A grain of salt: this is a book they have you read in college. But! Just like Lord of the Flies, it’s worth it. It’s one of the best books I’ve read in my adult life, and if you’re at all tantalizing of watching Independence Day from the Aliens’ perspective (or maybe Friday the 13th from Jason’s perspective…think of all the waiting around. What does he do during the day?) then you should do yourself a favor and check this book out.
A grain of sand: I got shit from the guy at the bookstore because I bought the SparkNotes. Something about this text is so strange and hallucinatory…it stuck in my teeth for weeks. I went back through and read it again—this time with my crib sheets—and some of the symbolism was totally lost on me the first time. Anyway. it’s amazing.
Here’s an excerpt (after the jump)…one of the finest pages of prose ever written (IMO).

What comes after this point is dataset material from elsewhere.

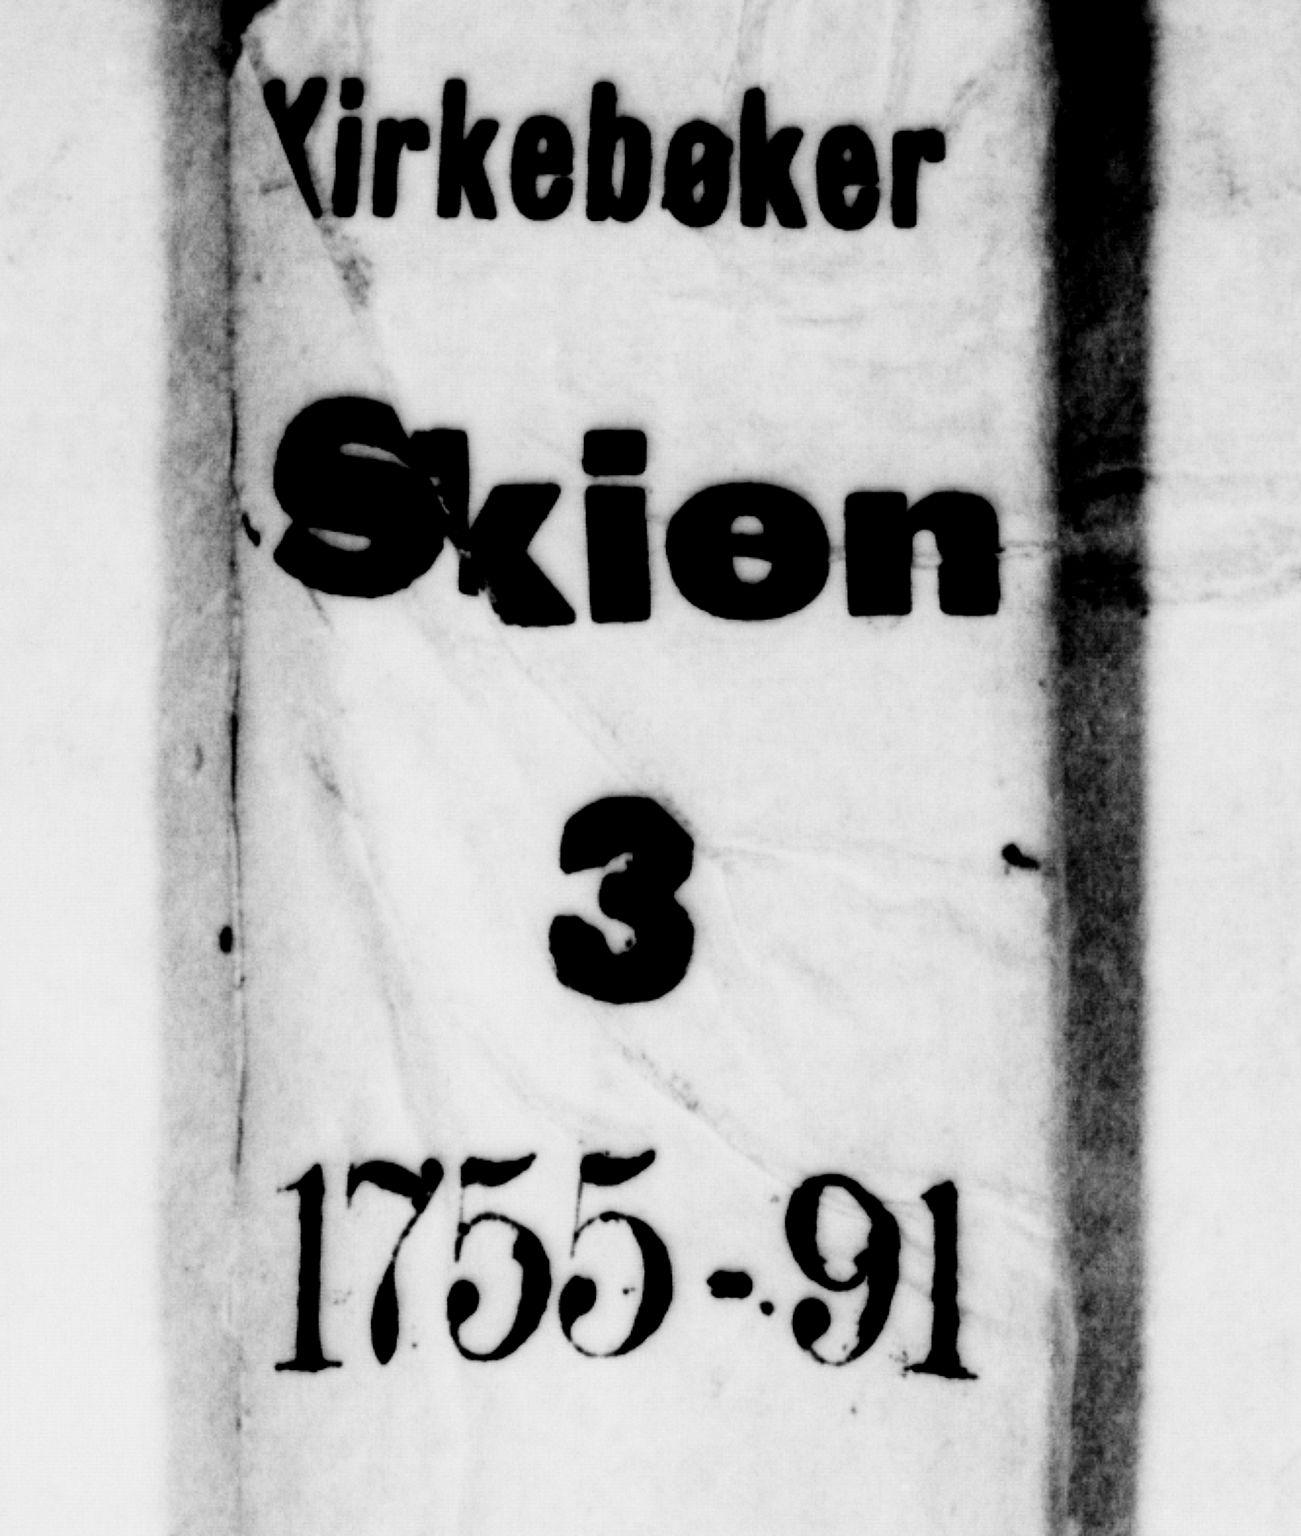 SAKO, Skien kirkebøker, G/Ga/L0001: Klokkerbok nr. 1, 1756-1791

Grendel in quotes, Beowulf in italics (from the text):
- Hateball“If you win, it’s by mindless chance, make no mistake. First you tricked me, and then I slipped. Accident.”

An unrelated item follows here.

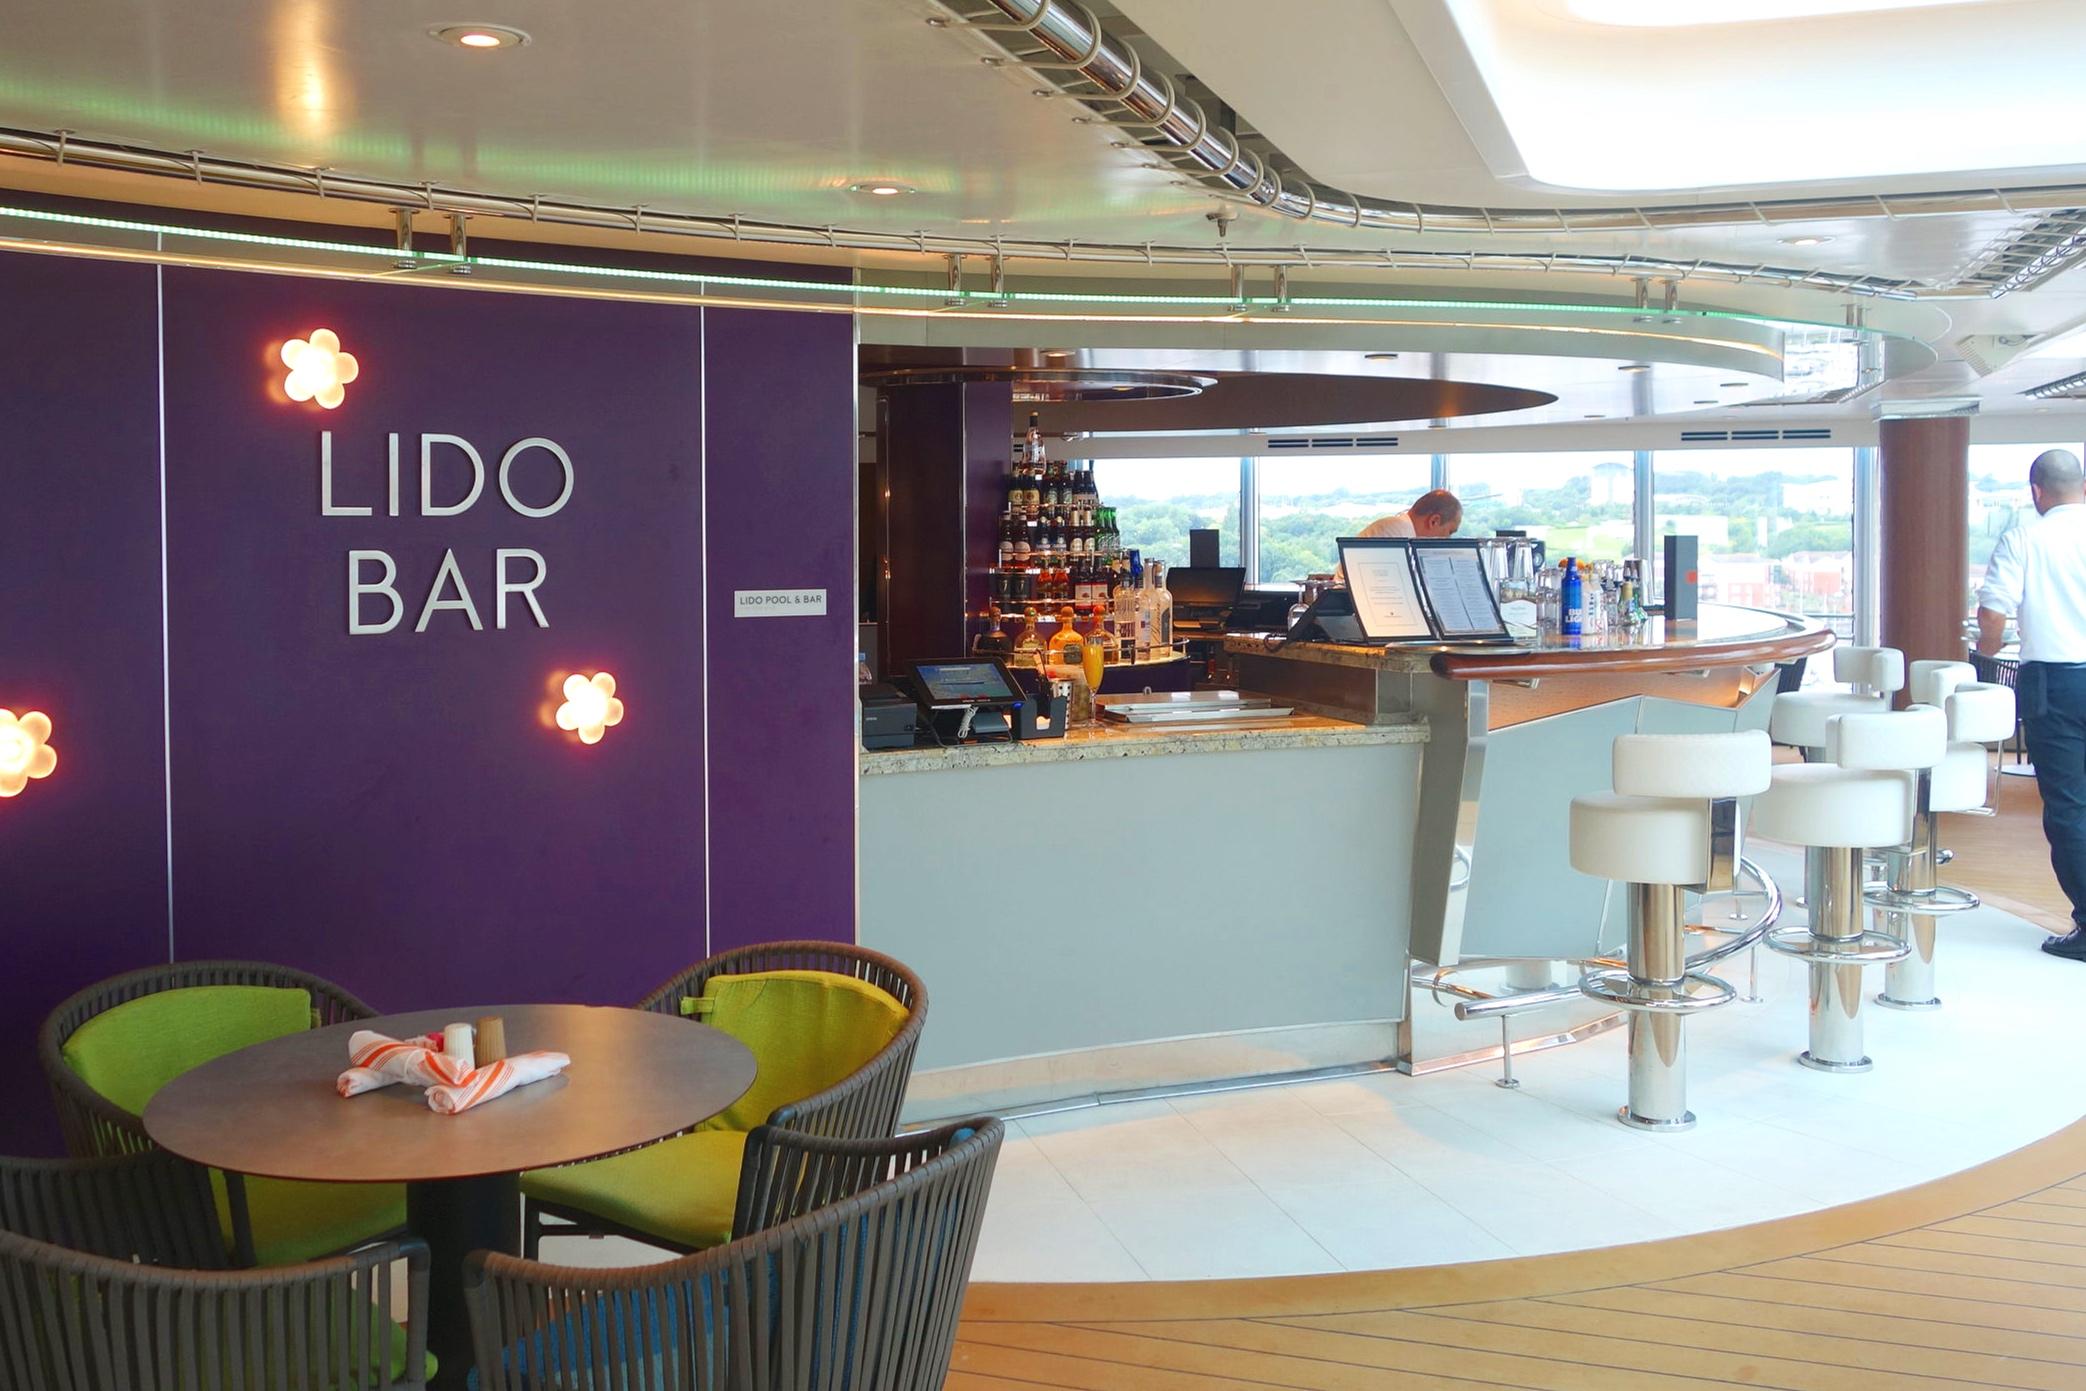 The Lido bar

He answers with a twist that hurls me forward screaming, The thanes make way. I fall against a table and smash it, and wall timbers crack. And still he whispers.
Grendel, Grendel! You make the world by whispers, second by second. Are you blind to that? Whether you make it a grave or a garden of roses is not the point. Feel the wall: is it not hard? He smashes me against it, breaks open my forehead. Hard, yes! Observe the hardness, write it down in careful runes. Now sing of walls!
Sing!
I howl.
Sing!
“I’m singing!”
Sing words! Sing raving hymns!
“You’re crazy. Ow!”
Sing!
“I sing of walls,” I howl. “Hooray for the hardness of walls!”
Terrible, he whispers. Terrible. He laughs and lets out fire.
“You’re crazy,” I say. “if you think I created that wall that cracked my head, you’re a fuckign lunatic.”
Sing walls, he hisses.
I have no choice.

















September 1st, 2009 at 8:24 pm
YEEEES! This was on of my favorite required books in college. It helped that I had a passionate professor who knew Gardner and would ride or die for this book.
The part where Grendel throws rocks at the mountain goat still turns my stomach. (It was a goat, right?)
PS: Hate, where you been?
September 1st, 2009 at 8:30 pm
PS: Good form comparing it to ID4 from the aliens’ perspective.
September 1st, 2009 at 10:21 pm
Yeah this book is the bomb. Ironically, so much deeper than the book its based on.
September 2nd, 2009 at 7:04 am
Thanks for another recommendation, ‘The Terror’ was excellent.
September 2nd, 2009 at 10:51 am
:) Glad you guys are into it. I’ll keep ‘em coming.
@Mars, Oh Mars: Been finding myself pal. Except my desert came in the form of a project from hell. Thanks for noticing. Glad to be back.